Print the records again, character for character.

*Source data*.
= = = = = = =

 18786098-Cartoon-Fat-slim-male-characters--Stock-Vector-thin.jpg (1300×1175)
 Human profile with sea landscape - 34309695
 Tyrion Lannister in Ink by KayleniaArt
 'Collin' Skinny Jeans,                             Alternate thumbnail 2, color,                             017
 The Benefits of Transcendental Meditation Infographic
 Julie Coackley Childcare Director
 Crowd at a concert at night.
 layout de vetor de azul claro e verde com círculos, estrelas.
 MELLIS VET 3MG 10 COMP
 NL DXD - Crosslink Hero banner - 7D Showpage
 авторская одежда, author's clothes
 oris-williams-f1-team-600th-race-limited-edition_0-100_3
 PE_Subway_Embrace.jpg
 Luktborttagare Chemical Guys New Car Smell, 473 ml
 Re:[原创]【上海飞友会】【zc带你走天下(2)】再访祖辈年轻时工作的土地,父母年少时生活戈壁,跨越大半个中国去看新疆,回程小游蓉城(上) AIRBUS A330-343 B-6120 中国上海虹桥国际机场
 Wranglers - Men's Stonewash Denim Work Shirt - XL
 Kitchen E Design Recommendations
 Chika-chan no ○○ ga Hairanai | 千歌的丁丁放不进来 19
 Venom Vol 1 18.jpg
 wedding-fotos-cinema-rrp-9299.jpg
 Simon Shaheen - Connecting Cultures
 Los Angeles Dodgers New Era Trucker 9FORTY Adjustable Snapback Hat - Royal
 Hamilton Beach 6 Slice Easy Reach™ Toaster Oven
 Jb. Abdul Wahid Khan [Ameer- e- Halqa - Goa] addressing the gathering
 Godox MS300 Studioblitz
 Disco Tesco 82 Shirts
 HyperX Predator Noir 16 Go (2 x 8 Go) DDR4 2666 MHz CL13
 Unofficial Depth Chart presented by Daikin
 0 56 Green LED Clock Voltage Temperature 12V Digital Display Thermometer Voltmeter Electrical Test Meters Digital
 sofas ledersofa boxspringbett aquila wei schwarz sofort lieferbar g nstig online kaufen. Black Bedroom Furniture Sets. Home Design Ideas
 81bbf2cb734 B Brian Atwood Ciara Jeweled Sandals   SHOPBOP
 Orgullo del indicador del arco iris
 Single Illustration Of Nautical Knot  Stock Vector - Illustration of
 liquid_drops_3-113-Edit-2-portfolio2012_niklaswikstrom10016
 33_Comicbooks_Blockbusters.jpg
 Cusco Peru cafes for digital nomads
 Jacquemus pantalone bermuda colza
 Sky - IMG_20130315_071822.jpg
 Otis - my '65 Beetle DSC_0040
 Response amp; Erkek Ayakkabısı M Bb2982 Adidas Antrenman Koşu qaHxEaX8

= = = = = = =

*Solution to the exercise*.
 18786098-Cartoon-Fat-slim-male-characters--Stock-Vector-thin.jpg (1300×1175)
 Human profile with sea landscape - 34309695
 Tyrion Lannister in Ink by KayleniaArt
 'Collin' Skinny Jeans,                             Alternate thumbnail 2, color,                             017
 The Benefits of Transcendental Meditation Infographic
 Julie Coackley Childcare Director
 Crowd at a concert at night.
 layout de vetor de azul claro e verde com círculos, estrelas.
 MELLIS VET 3MG 10 COMP
 NL DXD - Crosslink Hero banner - 7D Showpage
 авторская одежда, author's clothes
 oris-williams-f1-team-600th-race-limited-edition_0-100_3
 PE_Subway_Embrace.jpg
 Luktborttagare Chemical Guys New Car Smell, 473 ml
 Re:[原创]【上海飞友会】【zc带你走天下(2)】再访祖辈年轻时工作的土地,父母年少时生活戈壁,跨越大半个中国去看新疆,回程小游蓉城(上) AIRBUS A330-343 B-6120 中国上海虹桥国际机场
 Wranglers - Men's Stonewash Denim Work Shirt - XL
 Kitchen E Design Recommendations
 Chika-chan no ○○ ga Hairanai | 千歌的丁丁放不进来 19
 Venom Vol 1 18.jpg
 wedding-fotos-cinema-rrp-9299.jpg
 Simon Shaheen - Connecting Cultures
 Los Angeles Dodgers New Era Trucker 9FORTY Adjustable Snapback Hat - Royal
 Hamilton Beach 6 Slice Easy Reach™ Toaster Oven
 Jb. Abdul Wahid Khan [Ameer- e- Halqa - Goa] addressing the gathering
 Godox MS300 Studioblitz
 Disco Tesco 82 Shirts
 HyperX Predator Noir 16 Go (2 x 8 Go) DDR4 2666 MHz CL13
 Unofficial Depth Chart presented by Daikin
 0 56 Green LED Clock Voltage Temperature 12V Digital Display Thermometer Voltmeter Electrical Test Meters Digital
 sofas ledersofa boxspringbett aquila wei schwarz sofort lieferbar g nstig online kaufen. Black Bedroom Furniture Sets. Home Design Ideas
 81bbf2cb734 B Brian Atwood Ciara Jeweled Sandals   SHOPBOP
 Orgullo del indicador del arco iris
 Single Illustration Of Nautical Knot  Stock Vector - Illustration of
 liquid_drops_3-113-Edit-2-portfolio2012_niklaswikstrom10016
 33_Comicbooks_Blockbusters.jpg
 Cusco Peru cafes for digital nomads
 Jacquemus pantalone bermuda colza
 Sky - IMG_20130315_071822.jpg
 Otis - my '65 Beetle DSC_0040
 Response amp; Erkek Ayakkabısı M Bb2982 Adidas Antrenman Koşu qaHxEaX8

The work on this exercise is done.